Как я стал тем, кто я есть? И почему? Фарцовка, ей-богу, не самый страшный из моих пороков… Ужасное состояние, когда ежедневно чувствуешь гнусность собственного существования и не можешь ничего сделать. И пожаловаться некому, не то что попросить совета.
Мир, в котором я живу, несмотря на всю рекламируемую им правоту и целесообразность, лжив и жесток, и так на моей памяти было всегда. Иного и представить невозможно. Вся его правота и справедливость — это что-то из области иллюзий. Для сильных и уверенных эти понятия, может, существуют, но только не для меня. Я — из тех гвоздиков, которые созданы для того, чтобы их стройными рядами заколачивали в доску по самую шляпку. А по этим доскам пойдут те, для кого мир и был задуман. Наивно полагать, что я не пытался протестовать и смирился со своей незавидной участью. Но… протестовал ли на самом деле? Наверное, только мечтал о протесте, а до настоящего бунта так и не поднялся. Потому что всегда чувствовал свою ничтожность и бессилие перед этим миром, который всегда оказывался в итоге мудрей меня, дальновидней и сильнее. Он — вон какой огромный, а я…
Свои первые стихи я начал писать ещё в школе на обложках тетрадок — мне это почему-то страшно нравилось! — едва отогревшись после зимних ночных очередей у хлебных магазинов. Время тогда было такое. Спасибо Никите Сергеевичу: на морозе хорошо складывались первые детские рифмы, особенно когда торопиться некуда и впереди долгая зимняя ночь. В школу можно было опоздать — там к стоянию в очереди за хлебом относились с пониманием… Эти первые стихи казались мне потрясающими и прекрасными, потому что в них были зарифмованы лозунги, окружавшие нас на каждом шагу, и рифмовал я, как мне казалось, так, как до меня никто не додумался. Лозунгами разговаривали школьные учителя, лозунги громыхали днём и ночью из уличных жестяных репродукторов, их я впитывал, в конце концов, с молоком матери, пережившей сперва голодные двадцатые в заштатном уездном городке, потом тревожные тридцатые на молодёжной стройке, потом войну в уральской эвакуации… Не один я был такой. Да, по сути, других вокруг меня и не было. Потому ничего другого в то время написать я и не смог бы.
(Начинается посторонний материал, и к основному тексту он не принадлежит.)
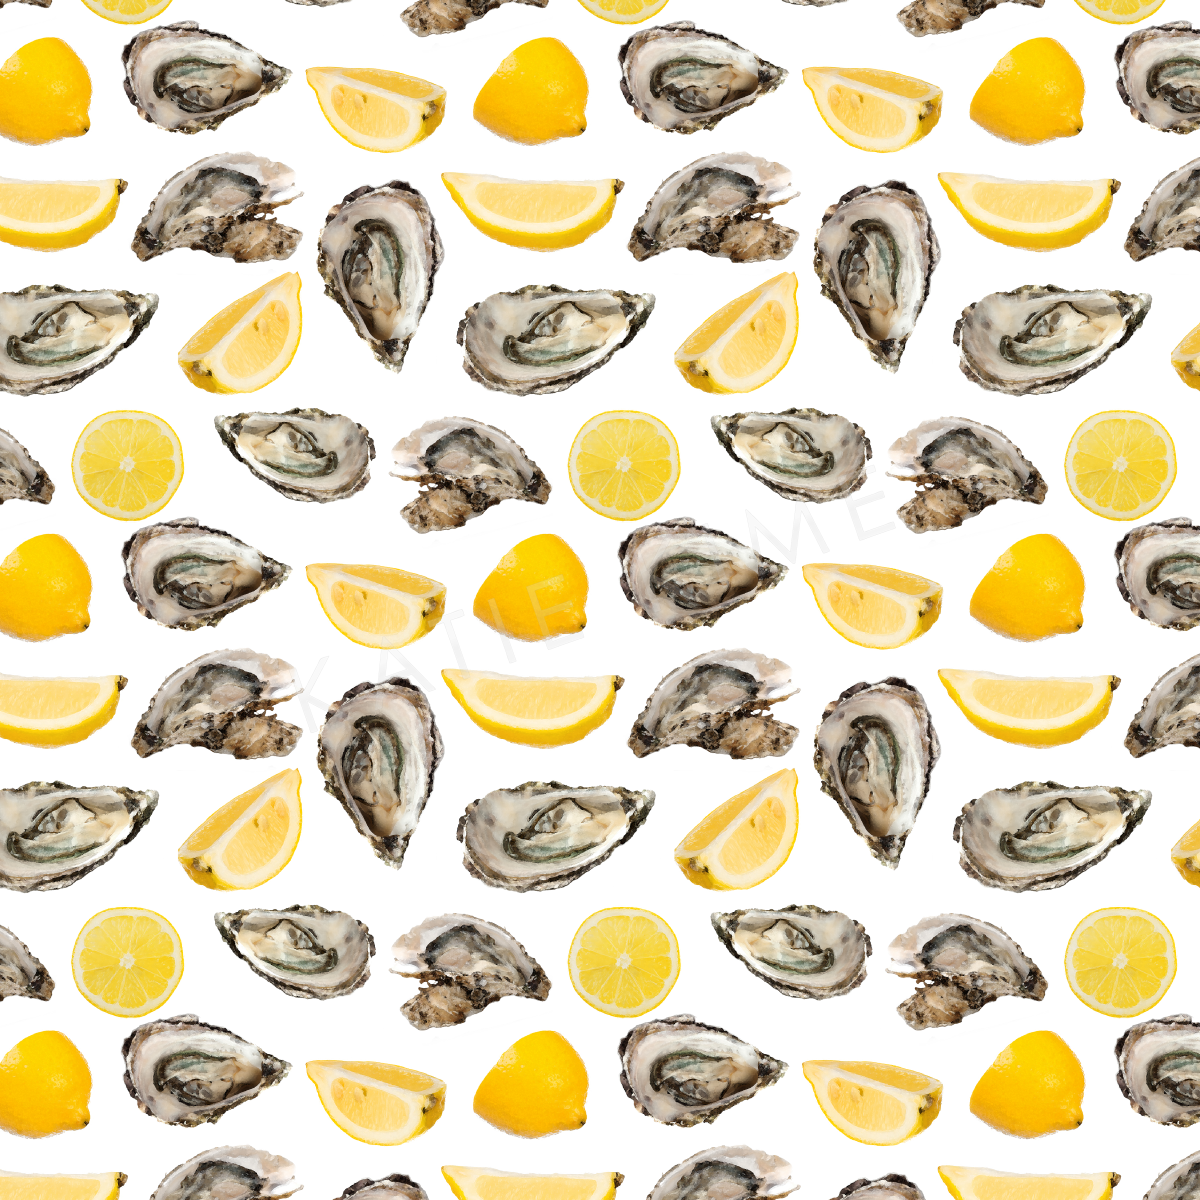 Wallpaper The World is Your Oyster Wallpaper Katie Kime

Оправдываю ли я себя в чём-то? И да, и нет. Я верил своим тогдашним стихам. Искренне верил, потому что шли они всё-таки от сердца. Просто ничего другого тогда в сердце и быть не могло. Даже сейчас, наверное, не до конца разуверился. Оттого и не забросил это неблагодарное занятие, как многие из моих сверстников. Может, они были просто прагматичей меня.
Но продолжать писать подобные стихи всё равно что лгать. А ложь — это всегда трусость. Трусость перед временем, перед будущим. Страшно терять привычную точку опоры, страшно терять обжитый уголок и отказываться от привычного, хоть и ненавистного существования. Как люди могут жить лучше, я не представлял, поэтому боялся потерять то, что имел. С годами я, правда, становился смелее в суждениях и поступках, а от страха так и не избавился. И такое может быть…
Ко всему рано или поздно привыкаешь. Как привыкаешь ко лжи даже в собственных стихах, как привыкаешь потихоньку хитрить, если уверен, что тебя не выведут на чистую воду, как привыкаешь обижать слабого, если такой находится, и привыкаешь с искренней слезой петь дифирамбы сильному… Всё закономерно: первая маленькая хитринка, перерастающая в большую ложь, и музыка, которой когда-то бескорыстно увлекался, а потом опустился до фарцовки модными пластинками, и… Виктор в итоге. Червивое яблочко до поры крепко держится на ветке, а потом стремительно падает вниз.
Что со мной происходит сейчас? Всё ещё падаю в колодец?
Когда в тот день я пришёл с работы домой, меня встретили сидящие у телевизора родители. На экране бесновался убитый горем дирижёр Темирканов, и его оркестр вдохновенно грохотал что-то исключительно торжественное и печальное, словно прозорливые композиторы-классики задолго до траурной даты предчувствовали, что в один прекрасный момент нашей необъятной державе понадобятся их гениальные творения в таком незавидном качестве.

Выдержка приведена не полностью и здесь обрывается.